* **DATASET EXCERPT**:
==*==

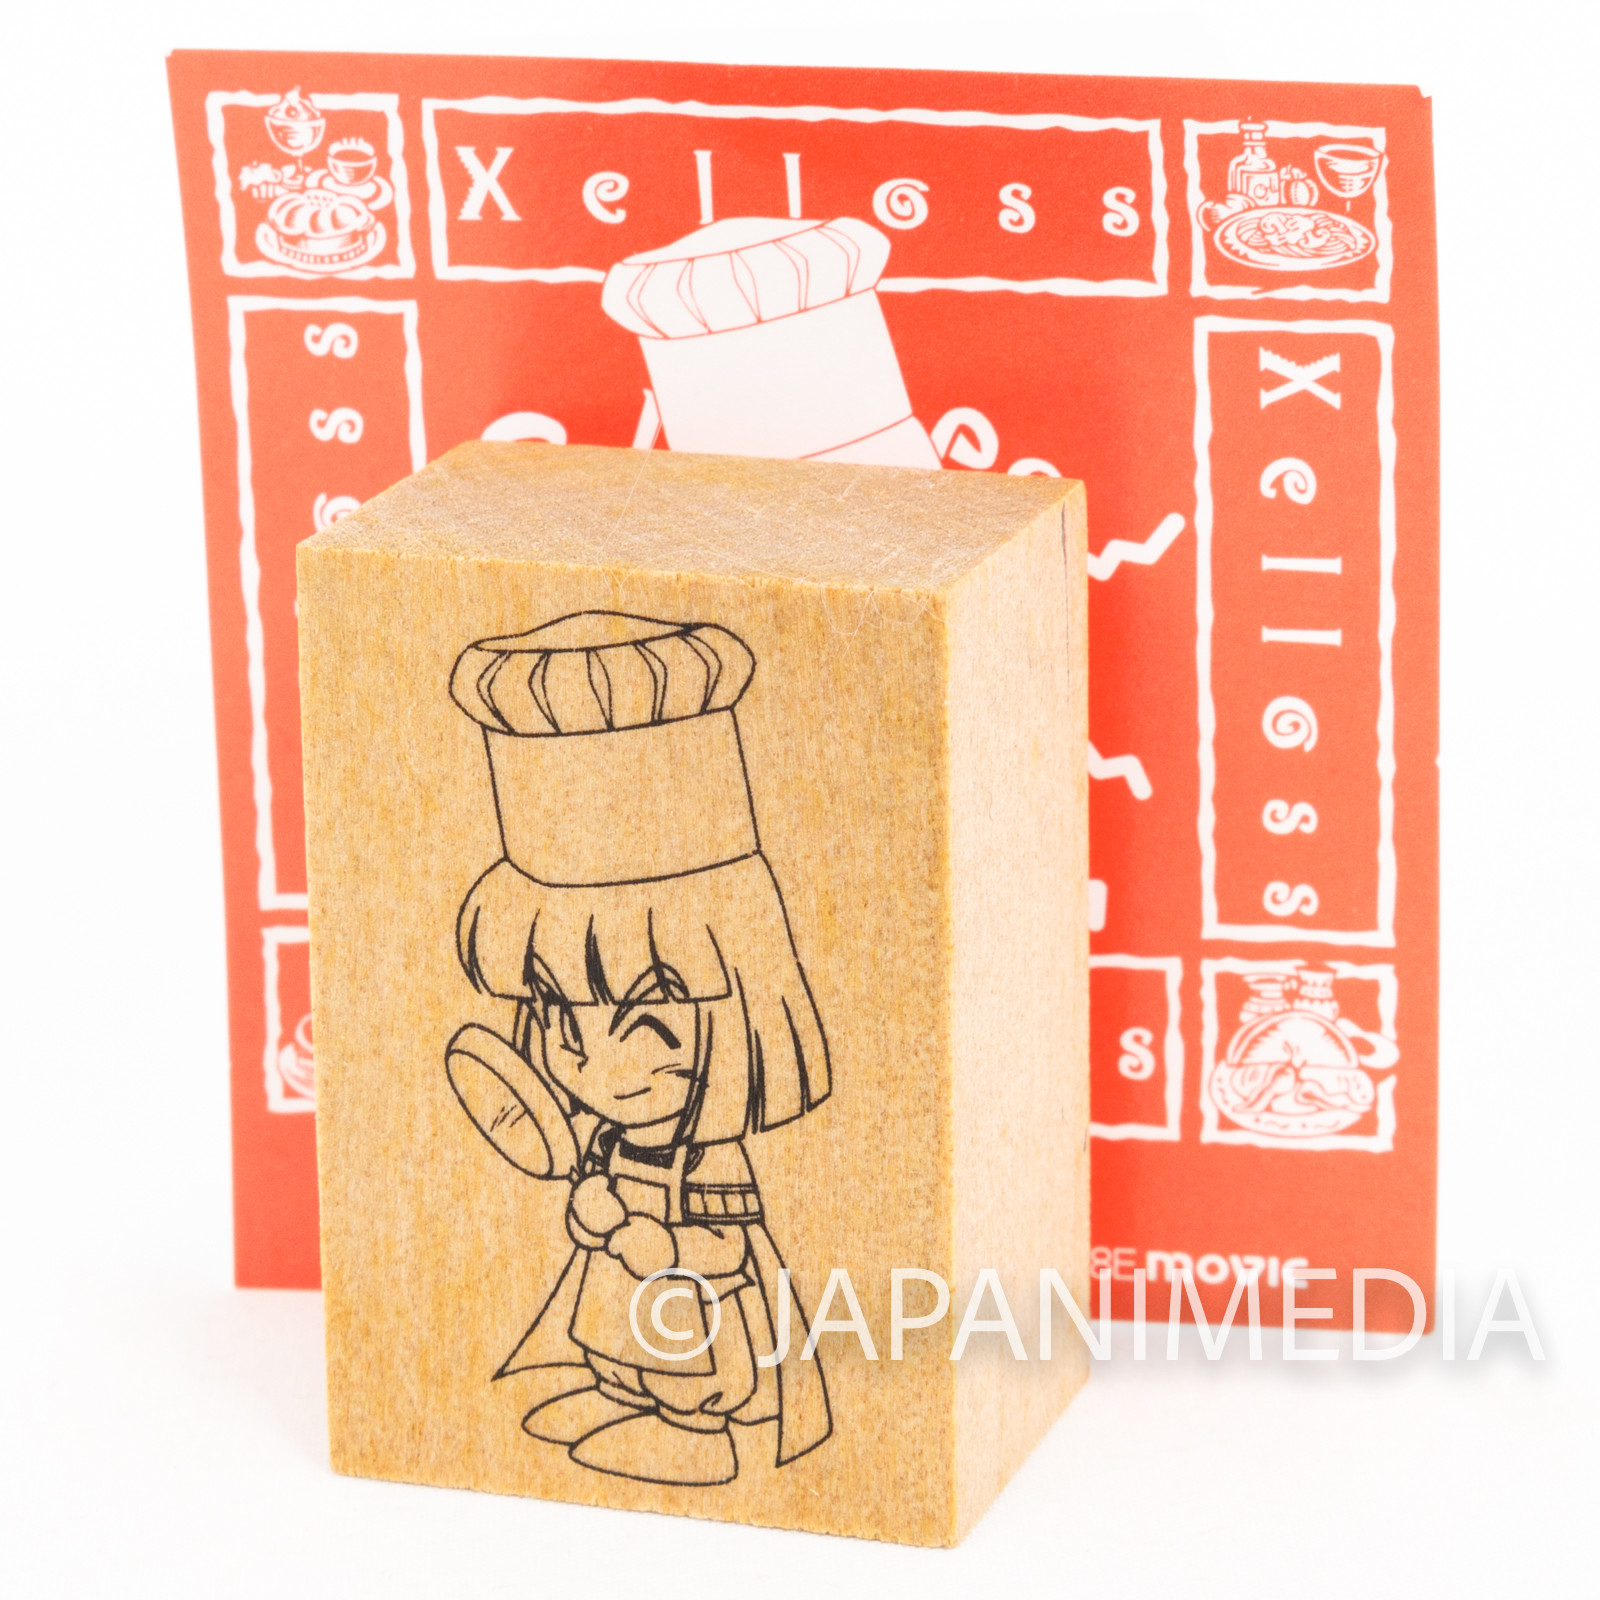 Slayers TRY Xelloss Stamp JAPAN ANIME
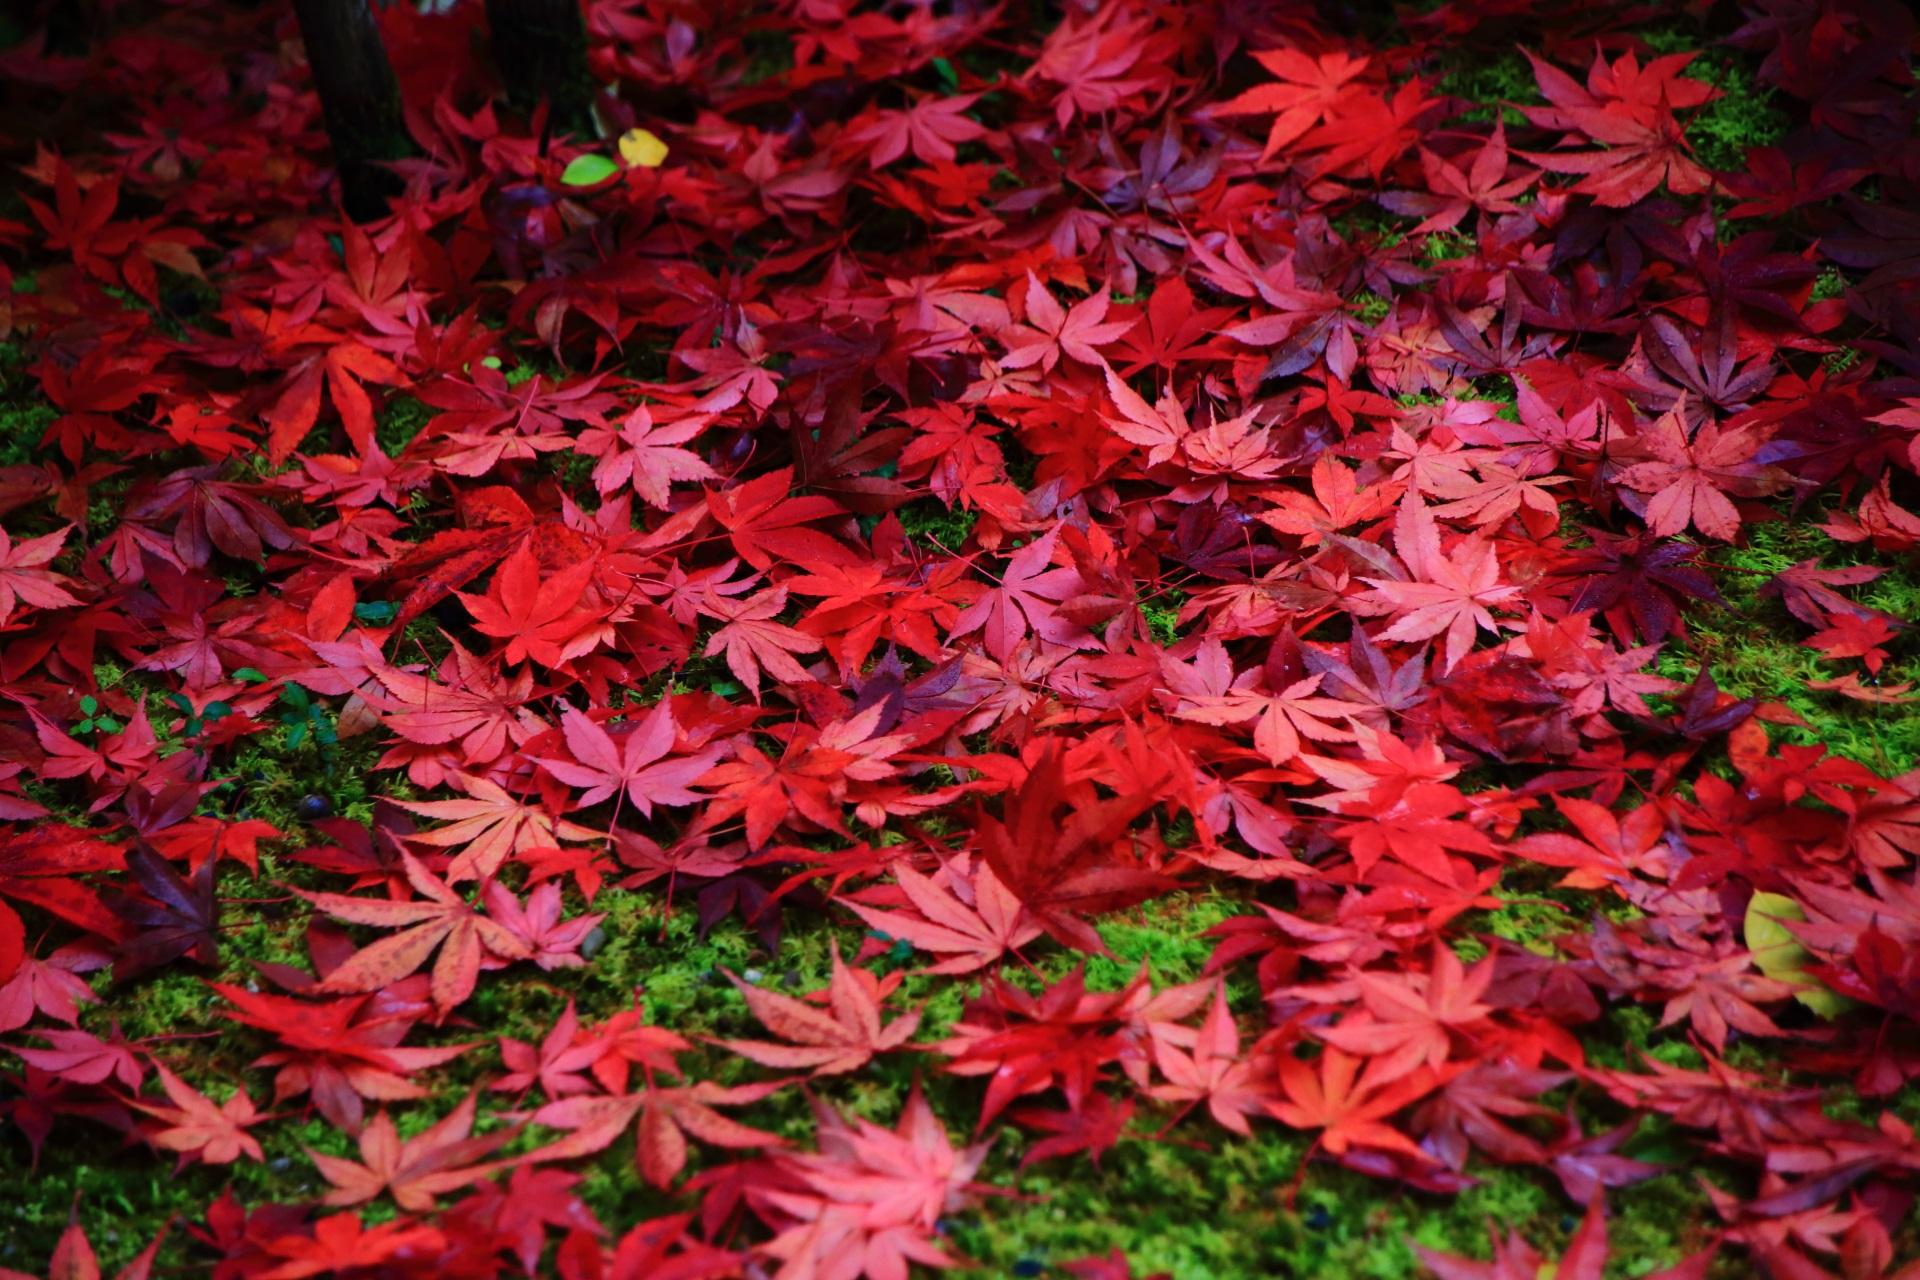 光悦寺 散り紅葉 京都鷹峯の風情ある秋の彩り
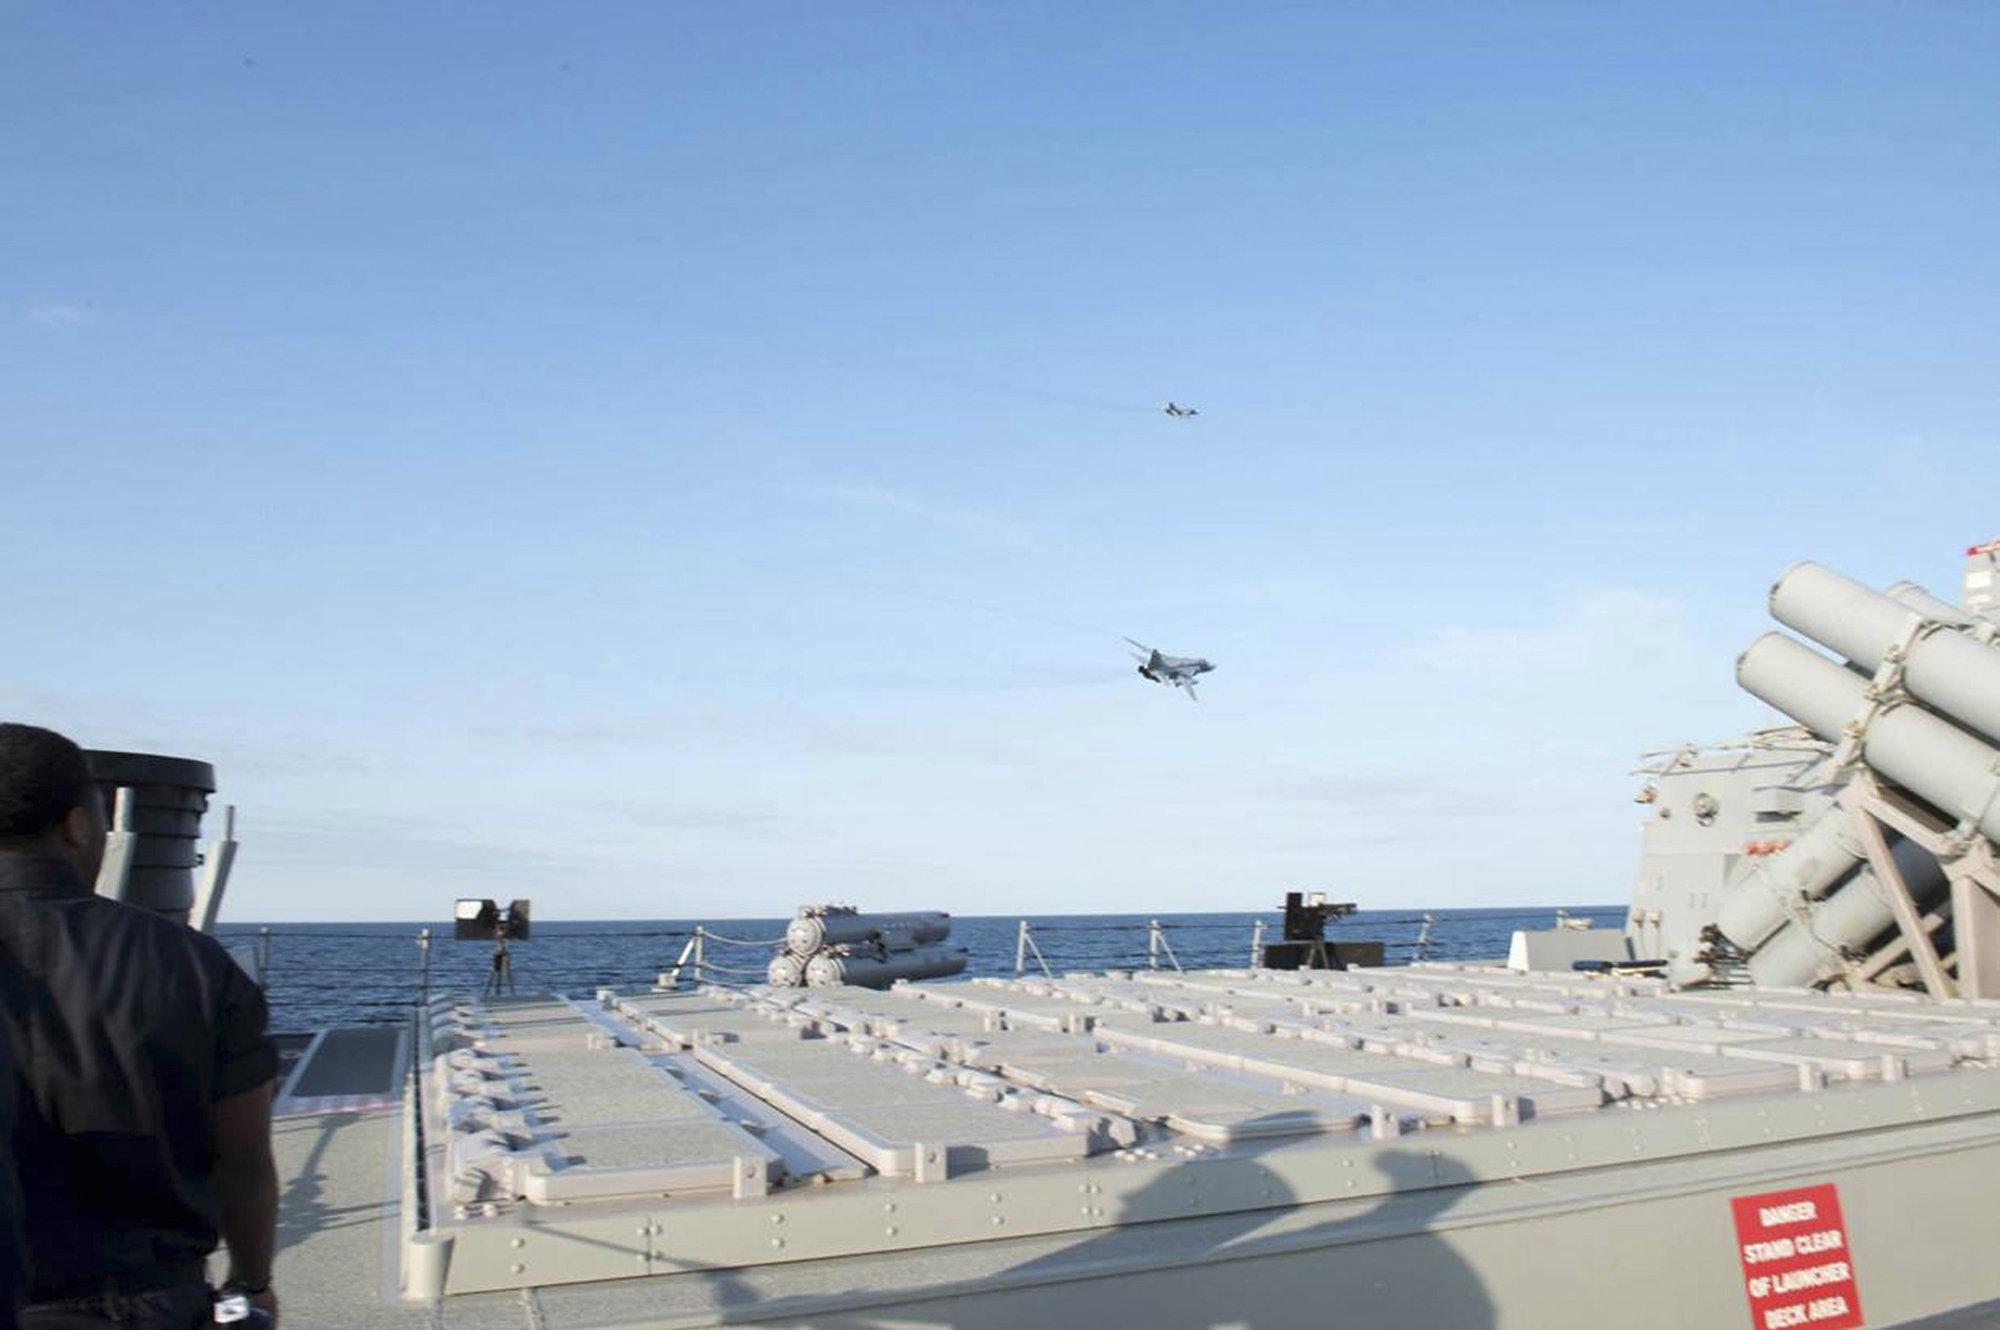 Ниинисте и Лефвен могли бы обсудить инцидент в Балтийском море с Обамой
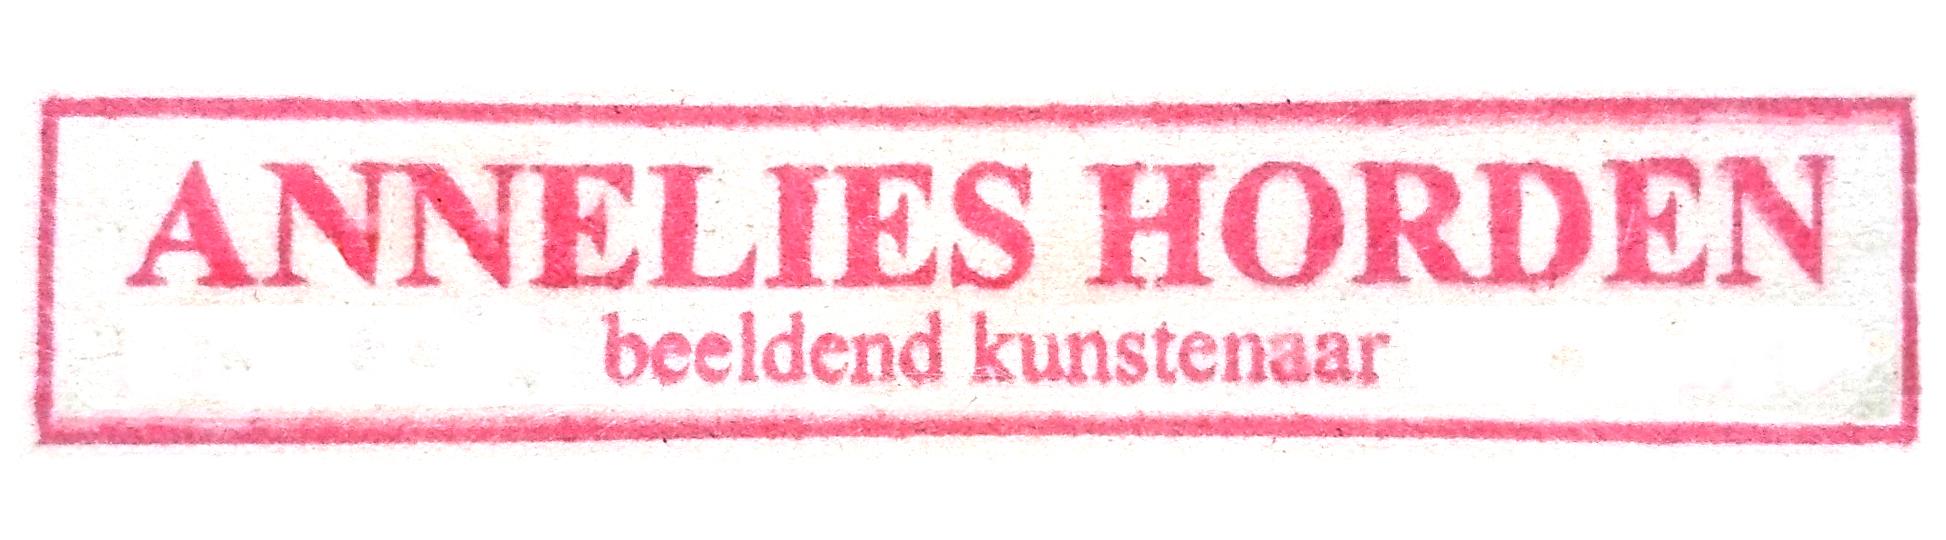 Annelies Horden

==*==

* **TASK BRIEF**: Start to finish, write out the data above exactly, omitting all pictures.

* **EXERCISE ANSWER**:
 Slayers TRY Xelloss Stamp JAPAN ANIME
 光悦寺 散り紅葉 京都鷹峯の風情ある秋の彩り
 Ниинисте и Лефвен могли бы обсудить инцидент в Балтийском море с Обамой
 Annelies Horden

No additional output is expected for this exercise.